In this embodiment, after the obtained data is used for training and predicting the deep learning model, the obtained prediction result is used in a subsequent scheduling strategy. Based on the prediction result of the Pod resource usage, a case for solving the data allocation imbalance existing at the time of multidimensional resource allocation can be considered. In the resource allocation process of the cluster, there are some problems that when a new service is deployed, part of the resources in the cluster are left, but the new service cannot be deployed.

By monitoring and looking at the resource usage of the cluster, it is found that the cluster resource satisfies the resource request of some Pod, but there are still a large number of pods in a waiting state all the time, that is, preparations are always made before the node application, and there are many reasons for this state, for example: mirror image pull failure, insufficient resources, limitations of Pod scheduling rules, taint setting, and the like. However, the two main reasons are the first two, so this embodiment considers that the load degrees of the CPU and the memory are ensured to be as close as possible when Pod is scheduled for the first time, and when some requirements are met and Pod needs to be evicted and rescheduled, the predicted resource usage of the Pod is obtained by sending the resource usage before the Pod to the model, and node scoring is performed based on the predicted data.
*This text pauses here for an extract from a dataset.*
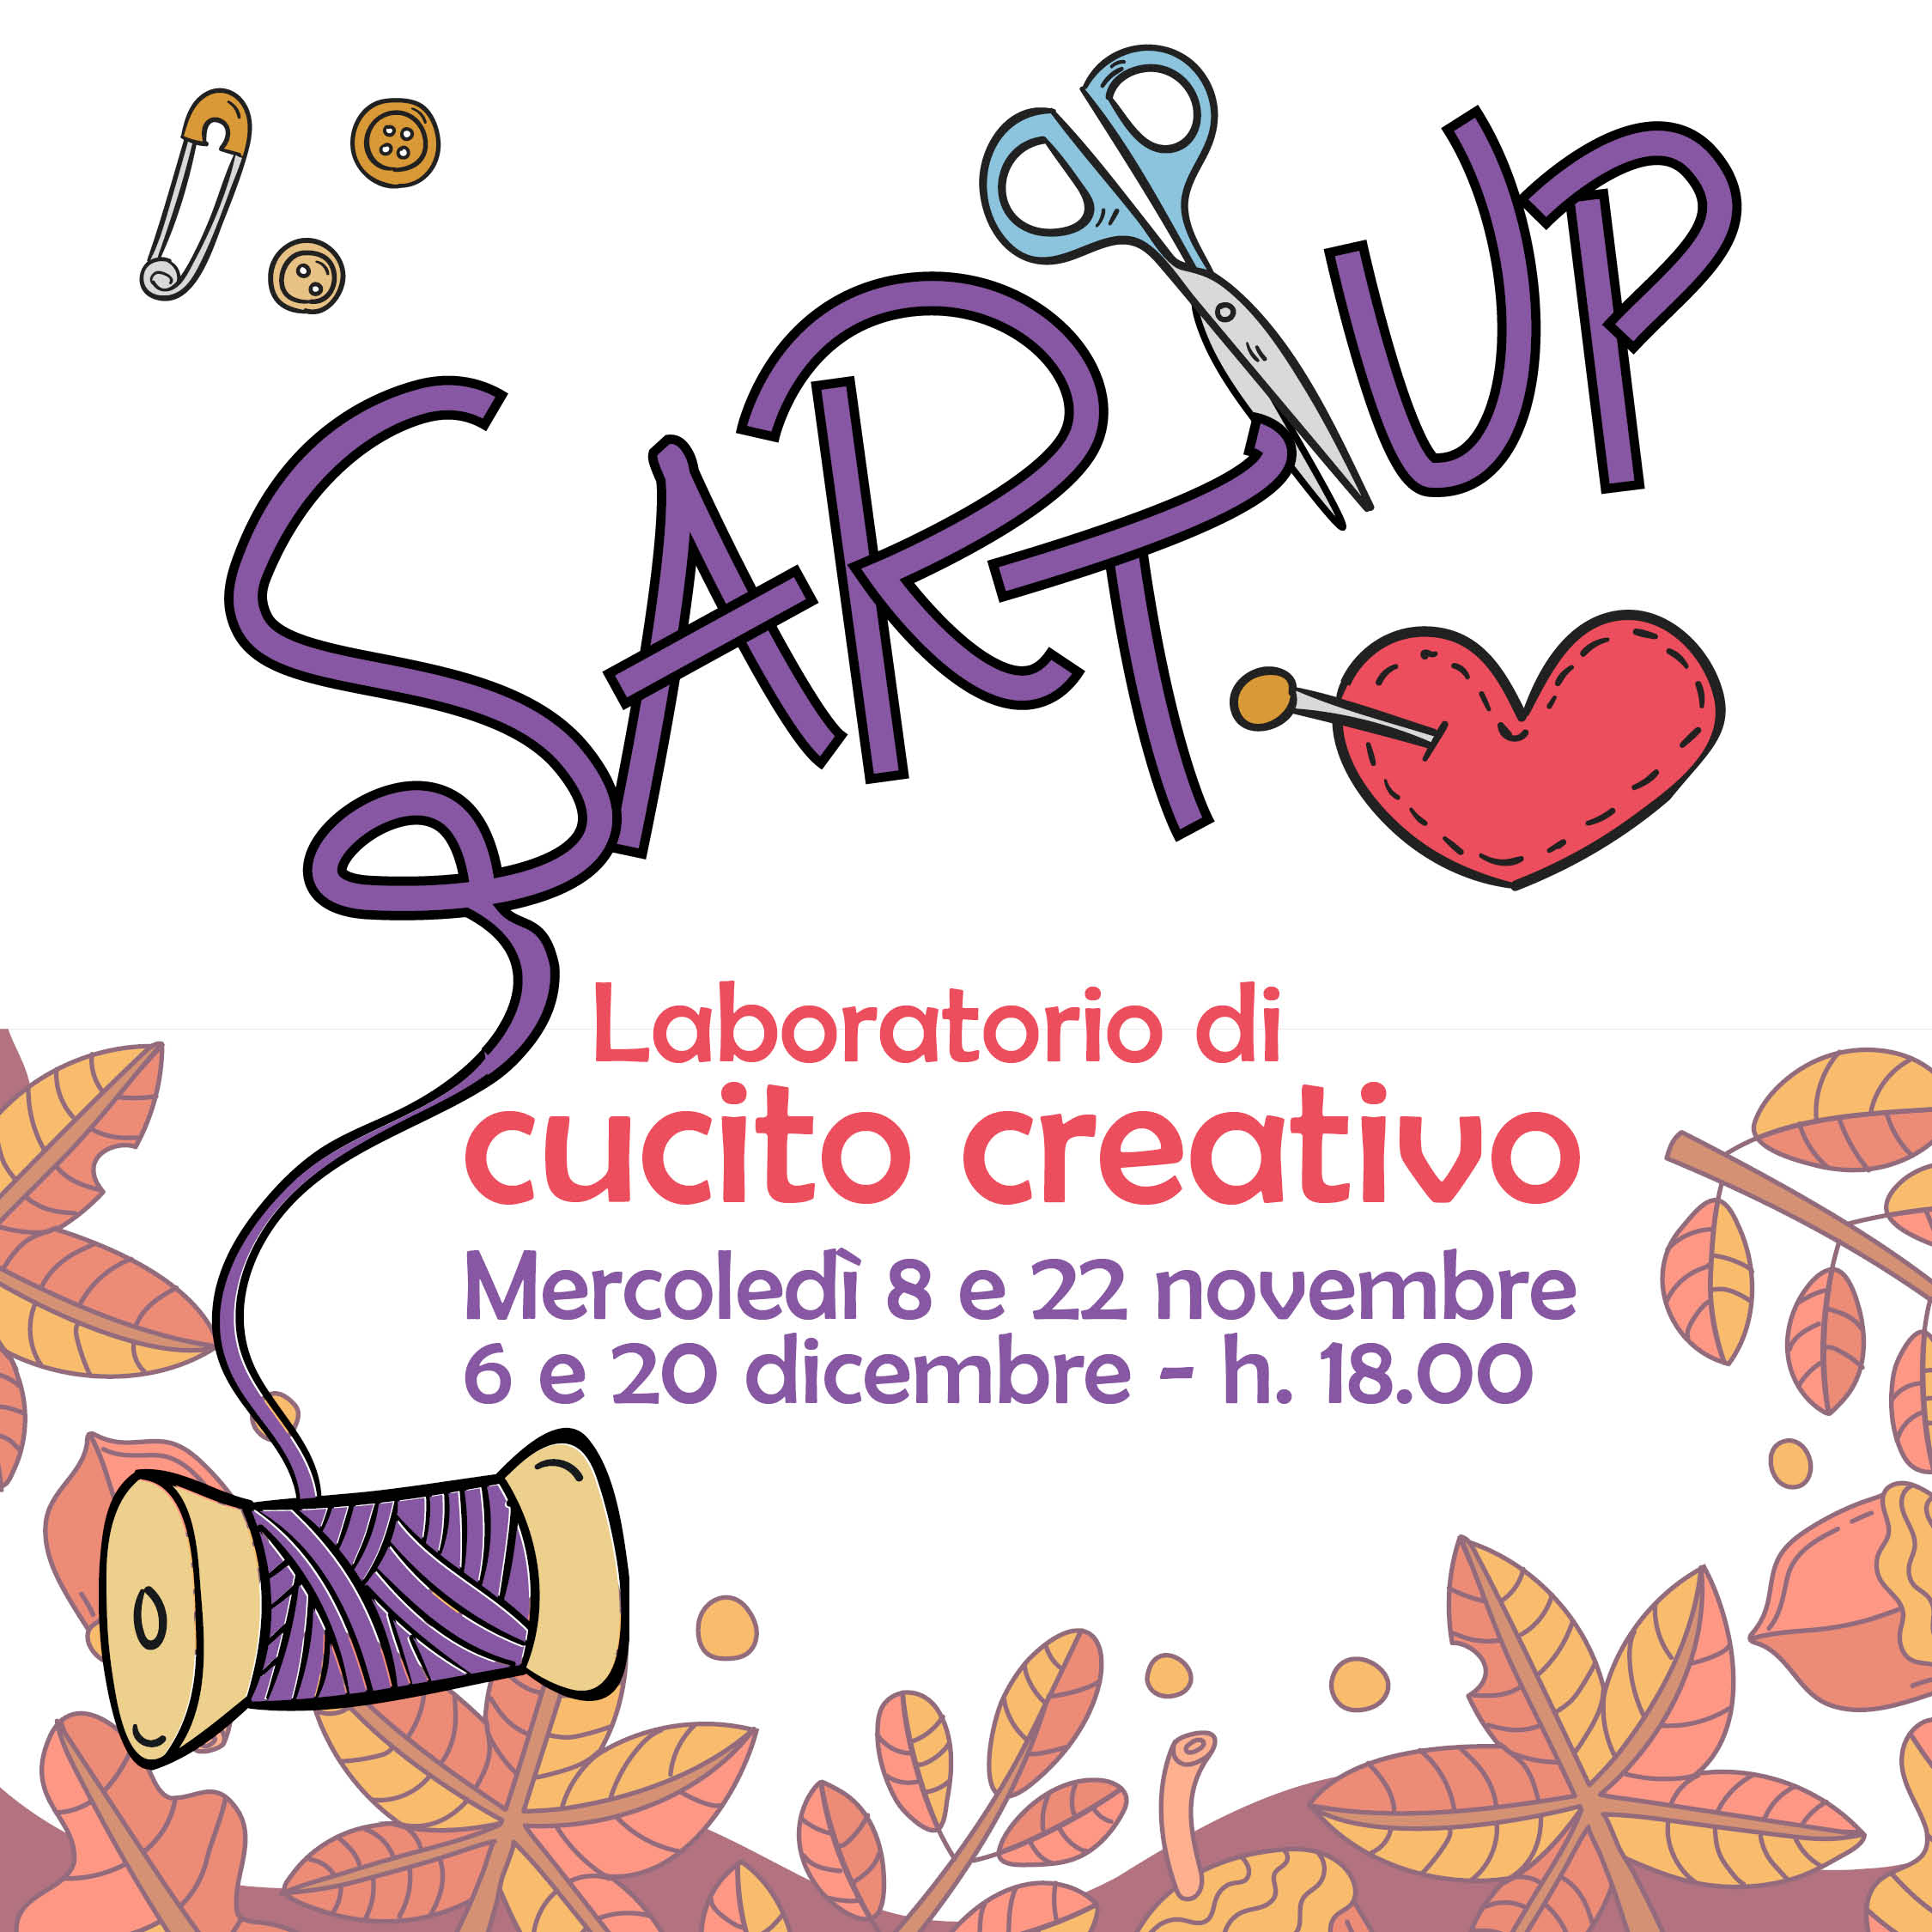 Sart up - Laboratorio di cucito creativo - Vivo in Barriera/Aurora

Specifically, the screening the available nodes in the cluster according to the resource prediction utilization rate of the currently scheduled Pod and the resource utilization rate of the available nodes in the cluster to determine the target scheduling node of the currently scheduled Pod includes:

pre-screening the available nodes based on a built-in algorithm of Kubernetes to obtain candidate available nodes;

and screening the candidate available nodes according to the resource prediction utilization rate of the current scheduling Pod and the resource utilization rate of the candidate available nodes so as to determine the target scheduling node of the current scheduling Pod.

In this embodiment, in a preselection (Predicate) stage of schedule scheduling, the available nodes are pre-screened based on a kubernets built-in algorithm to relax a condition of node election, that is, meeting the most basic scheduling condition, may become candidate available nodes through preselection. Since the built-in algorithm of Kubernetes is the prior art, it is not described in detail.

Further, after the available nodes are subjected to pre-screening, the candidate available nodes passing through the pre-screening are subjected to further grading screening. Specifically, the candidate available nodes are screened according to the resource prediction utilization rate of the current scheduling Pod and the resource utilization rate of the candidate available nodes, so as to determine the target scheduling node of the current scheduling Pod, which includes two parts:

a) statistical scoring of remaining resource rate of server

Namely, according to the resource utilization rate of each candidate available node, determining a first score of each candidate available node, wherein a calculation formula of the first score is as follows:

Score1＝10-(U_nc+U_nm)*5；

where Score1 represents the first Score, U_ncCPU utilization, U, representing candidate available nodes_nmRepresenting the memory utilization of the candidate available node.

The first grading considers that the nodes with low resource utilization rate are selected as much as possible, and accordingly coarse-grained load balance of each node is guaranteed. And performing basic scoring on the nodes based on the use conditions of the nodes, wherein the lower the resource utilization rate of the nodes is, the higher the score is.

b) Differential statistical scoring of CPU and memory utilization

And if the current scheduling Pod is operated for the first time, determining a second score of each candidate available node according to the resource utilization rate of each candidate available node and the resource application proportion of the current scheduling Pod. Specifically, the CPU application proportion and the memory application proportion of the Pod are obtained and added to the original resource utilization rate of the node, so as to obtain the expected utilization rate of the CPU and the expected utilization rate of the memory, respectively, and the smaller the difference between the two is, the higher the score is, and the calculation formula of the second score is as follows:

Score2-1＝10-(U_nc+R_pc-(U_nm+R_pm))*10；

where Score2-1 indicates the second Score, U, for the current scheduled Pod as the first runtime_ncAnd R_pcRespectively representing the CPU utilization rate of the candidate available node and the CPU application proportion, U, of the current scheduling Pod_nmAnd R_pmRespectively representing the memory utilization rate of the candidate available node and the memory application proportion of the current scheduling Pod.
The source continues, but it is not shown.